Peggy Diggs:
Work Out
"I have done public art projects since 1991, and have found that most everyone is an expert at something," says conceptual artist Peggy Diggs. "And prisoners, specifically, can identify the needs of people living an extremely reduced lifestyle."
Diggs teaches classes on the subjects of public art, justice, and feminism and activism at Williams College in Williamstown, Massachusetts. But her project with Creative Capital involves a different group of collaborators: ten prisoners at a maximum-security prison. Together, they've taken on the role of an industrial design team, with the goal of creating practical, flexible, and aesthetically pleasing items for living in small spaces. They call the project Work Out.

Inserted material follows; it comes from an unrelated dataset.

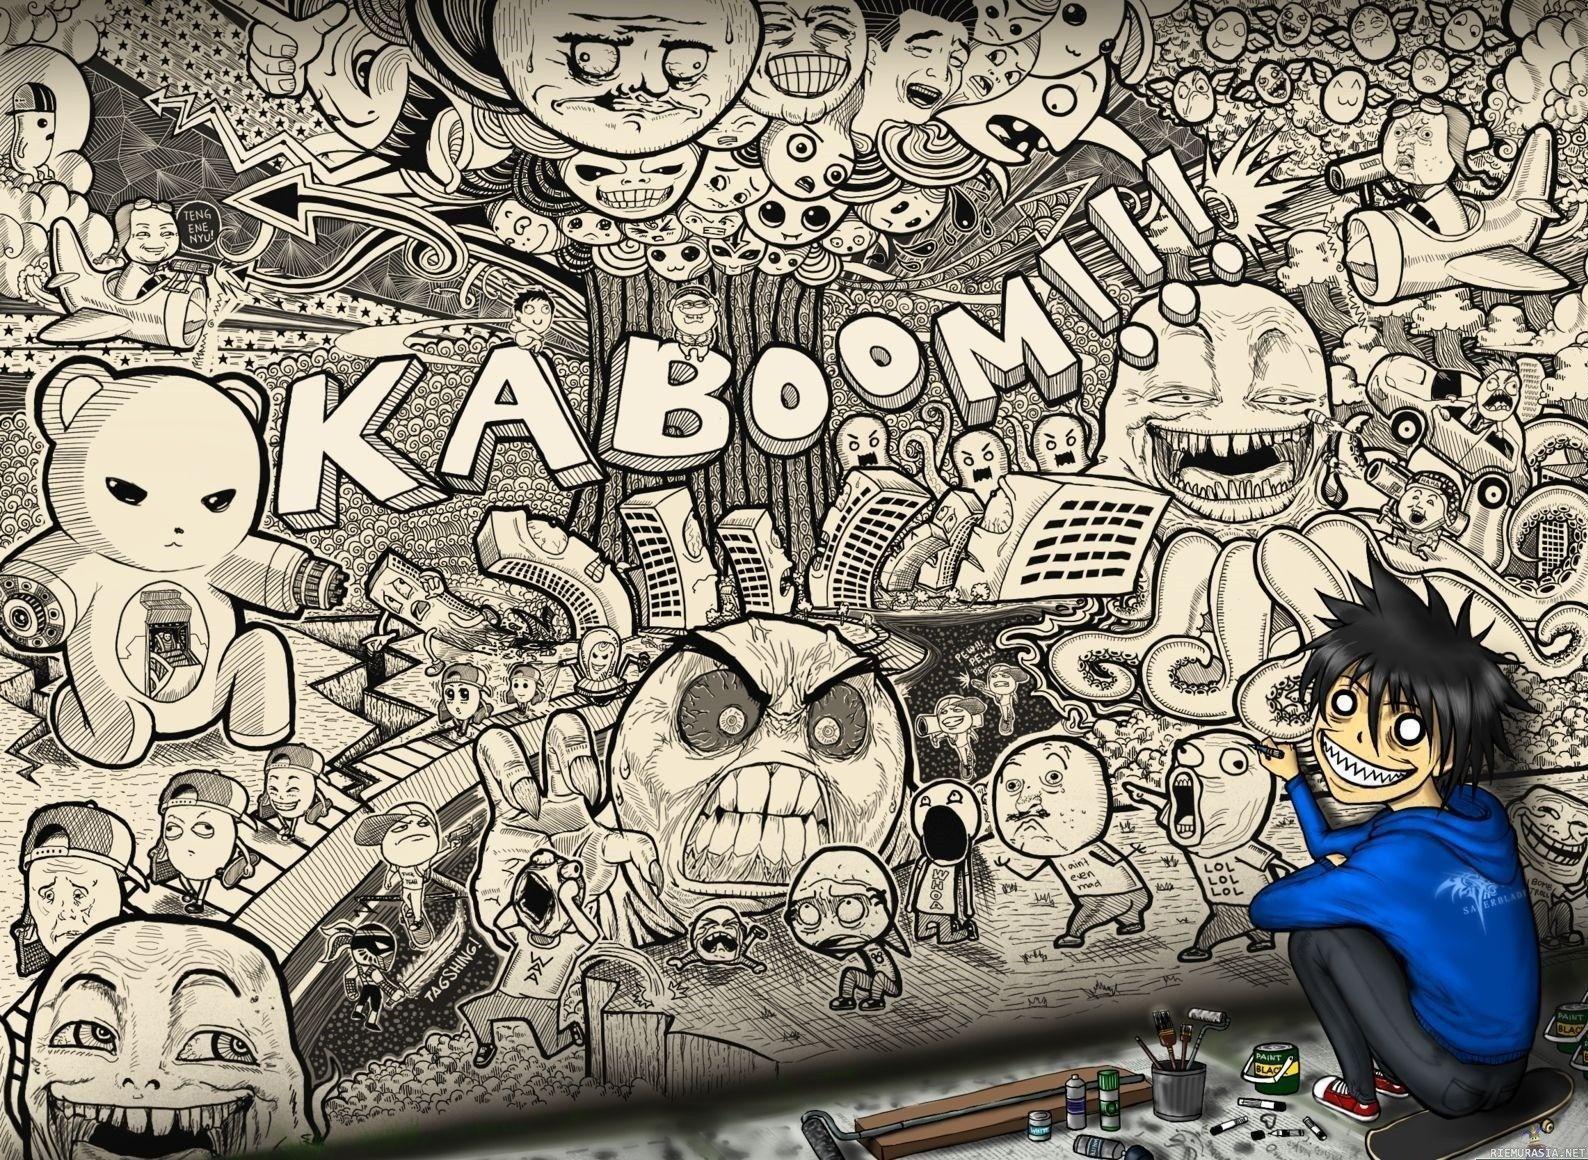 Free Download Kaboom Graffiti 2609 HD Wallpaper Picture. Top

This past summer and fall, after completing a mandatory prison orientation session, Diggs met with the prisoners at Pennsylvania's State Correctional Institution at Graterford, near Philadelphia, for two days a week for nine weeks. After surveying examples of products already on the market, Diggs and her team—with the advice of Kreg Jones, an industrial designer—generated ideas about how to make tiny habitats more comfortable and versatile. They then experimented with design strategies by constructing prototype containers and other objects from basic materials like cardboard and tape.

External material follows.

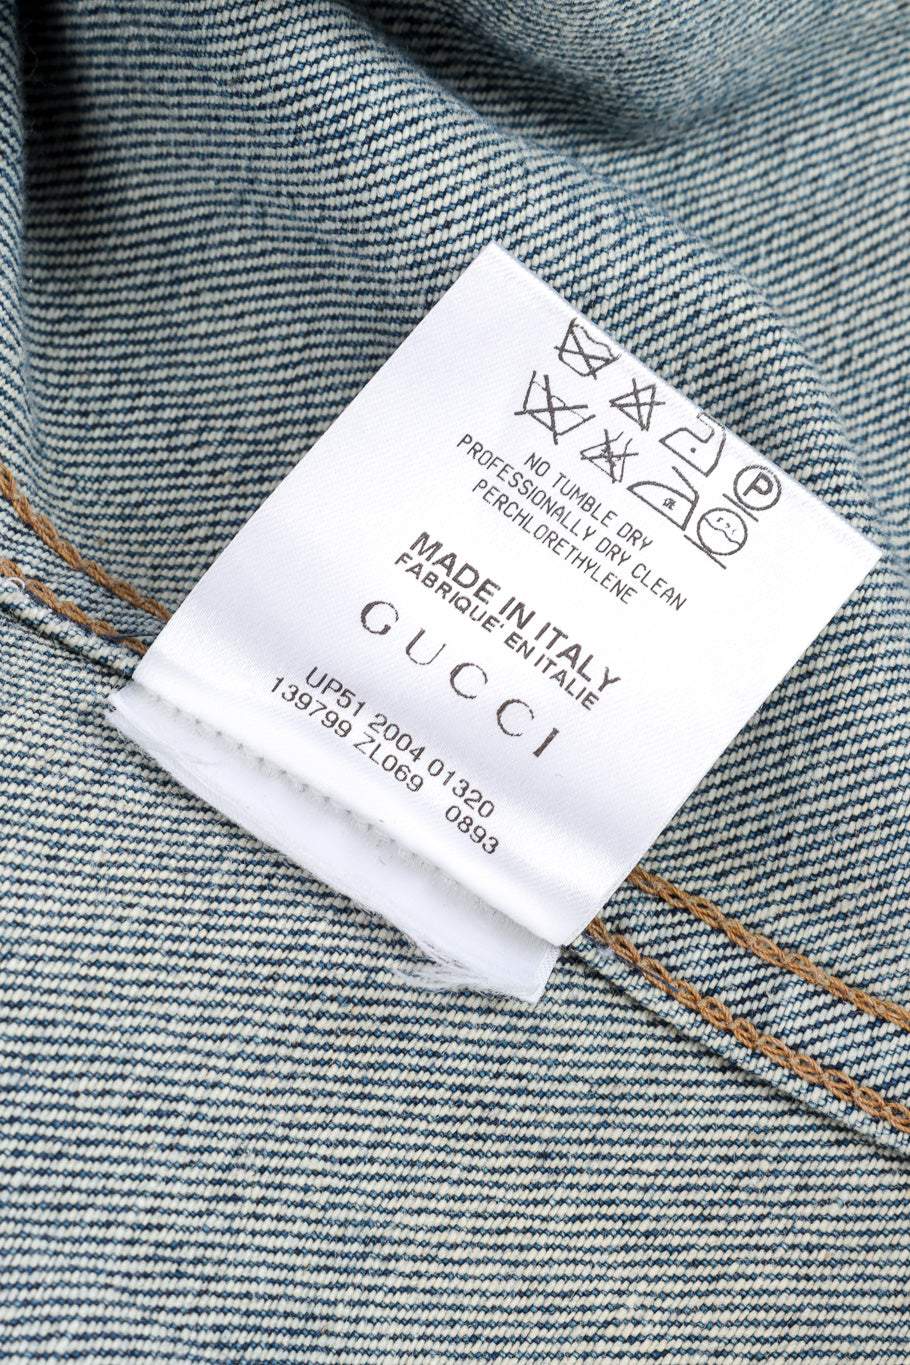 Bamboo Belt Denim Jacket by Gucci fabric tag @recessla

The men chosen for the project were participants in the City of Philadelphia Mural Arts Program (MAP), which hires selected incarcerated prisoners to spend six hours a day, five days a week painting murals that are then displayed in various locations around the metropolitan area. "They are particularly motivated men who are engaged with art," Diggs explains. "As one said, 95 percent are serving life sentences for committing serious and violent crimes." Participation in MAP is considered an honor; to remain in the program, prisoners are required to be cooperative and professional. "My hope is that by showing that prisoners can think strategically and solve problems to produce items of use to themselves, each other, and the general public," says Diggs, "this project can chisel away at the widespread belief that prisoners are the waste products of society."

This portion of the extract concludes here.